Living from the Ground of Being
The Cry of Freedom
by Papaji
April 15, 2020

Excerpts from Wake Up & Roar, by H.W.L. Poonja, compiled and edited by Eli Jaxon Bear.


The Cry of Freedom

The Cry of FreedomJust give rise to the single thought, “I want to be free.” Out of the entire population of six billion, only a handful will give rise to this thought. It is the most rare thought.

I call this thought of freedom going against the stream and toward the source. It does not require any effort to give rise to this thought. The thought, “I want to be free” is itself free. This thought will take you to freedom.

Allow yourself some time; even an instant is all it takes for this recognition. Once only. Look into and recognize your Self within this instant. You don't need a long program spread out over years to recognize this freedom. You are already free. It is only this recognition that you are postponing. You must recognize your own nature or you will not be happy. I think you could well afford to be available for a few moments. You have spent all your life for others, and not even this one instant for your Self.

Everyone possesses you. When you are born, your parents say you are “my son.” Go to school next, and you’re “my student.” Then marry and you’re “my husband,” “my wife.” Have children and you’re “my father,” “my mother.” Remove these possessions. Let no one possess you. Reject everything and see what happens.

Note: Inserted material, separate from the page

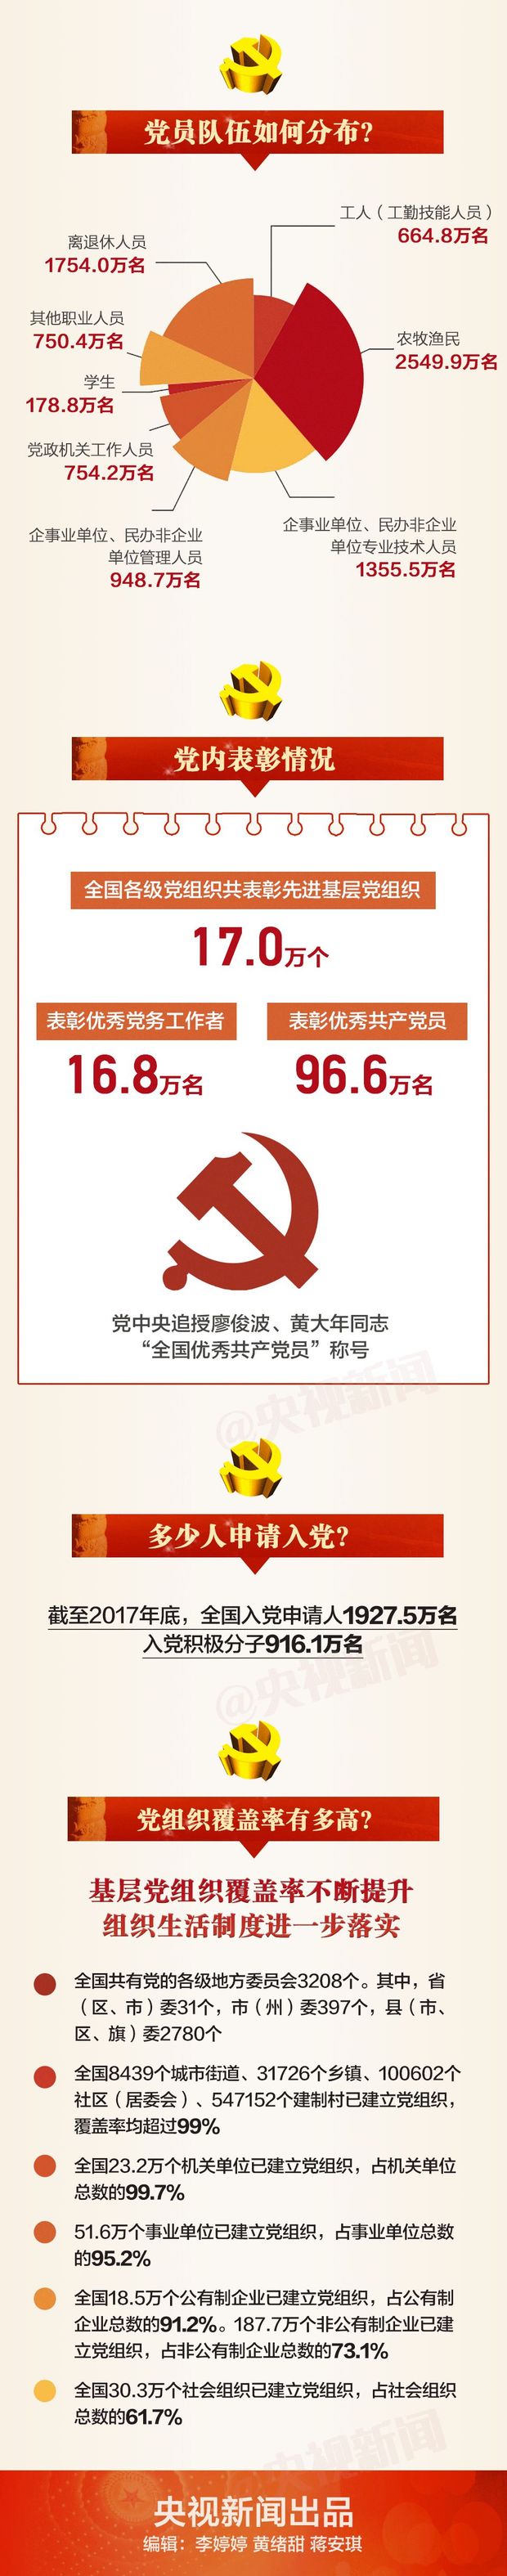 一张图，带你读懂2017年中国共产党党内统计公报

You have to devote some time for your Self. You have to reach your home. There is no escape. You must decide, do you want to play more, or do you want to return home? You are already free. It is only your illusion that you are not. The moment you declare “I am free!”—eureka! This is a very happy moment.


Meditation and Practice

Papaji seatedThe are many practices, rituals, mantras, and forms of yoga being practiced around the world. This is very good because something in this direction is better than getting lost in the world. Whatever practice you do focuses on a particular center. Physical practice is the body. Vital practices are pranayama, kundalini, kriya, and so forth. Raja yoga and intellectual practices focus on the mental center. The question is: What is the goal? What do you want? Different practices are for different aims or goals.

Here the goal is attributeless Brahman, beyond the reach of mind or intellect. Brahman is that which is without attributes, a mass of knowledge itself that is association-less, no duality whatsoever. It reveals itself by itself, because it is beyond mind or intellect or senses or any kind of practice. It is self-revealing. To find something in the darkness, you need light. To see the light, you don’t need a light. It is the light itself. Self-revealing. Self-luminous. No association is possible because it is attributeless. What is being advised here is to realize the attributeless, immaculate, eternal Brahman—pure consciousness. As your nature is always consciousness, never is there a time when consciousness is not present.

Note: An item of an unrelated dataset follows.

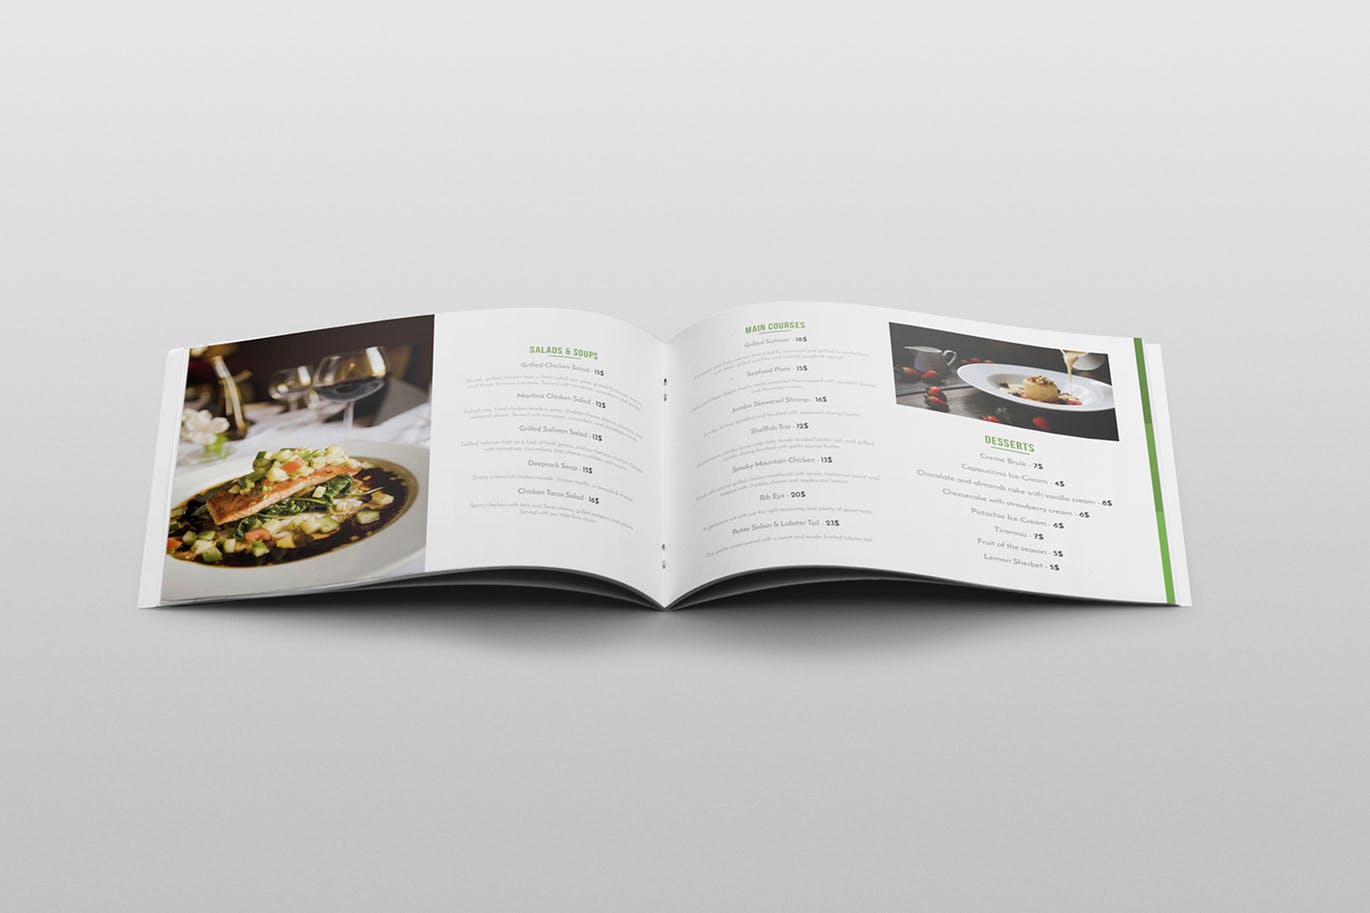 高档西餐厅宣传画册设计模板 Restaurant Brochure Template插图(8)

Mostly the mind clings to suffering, to separation. Who has created separation? Mind has created separation, and no-mind, no thought, will remove this separation. The separation doesn’t exist. Even to say “I am separate” is a joke.

When there is no mind, there is freedom! Concentrating on an object, like the breath or body, is done with some effort. Effort is needed between the observer and the object of observation. When there is effortlessness, when the mind does not function and returns to a natural state of calm, of peace, this is freedom.

You have to find your true nature, who you are. How to do it? To have freedom doesn’t require any effort or method. Before trying to know anything else, or to follow any method—even those prescribed to you by the ancient saints—leave aside everything. Sit quietly and do not move your mind or intellect. Then observe the observer. This is your true nature from where everything else comes.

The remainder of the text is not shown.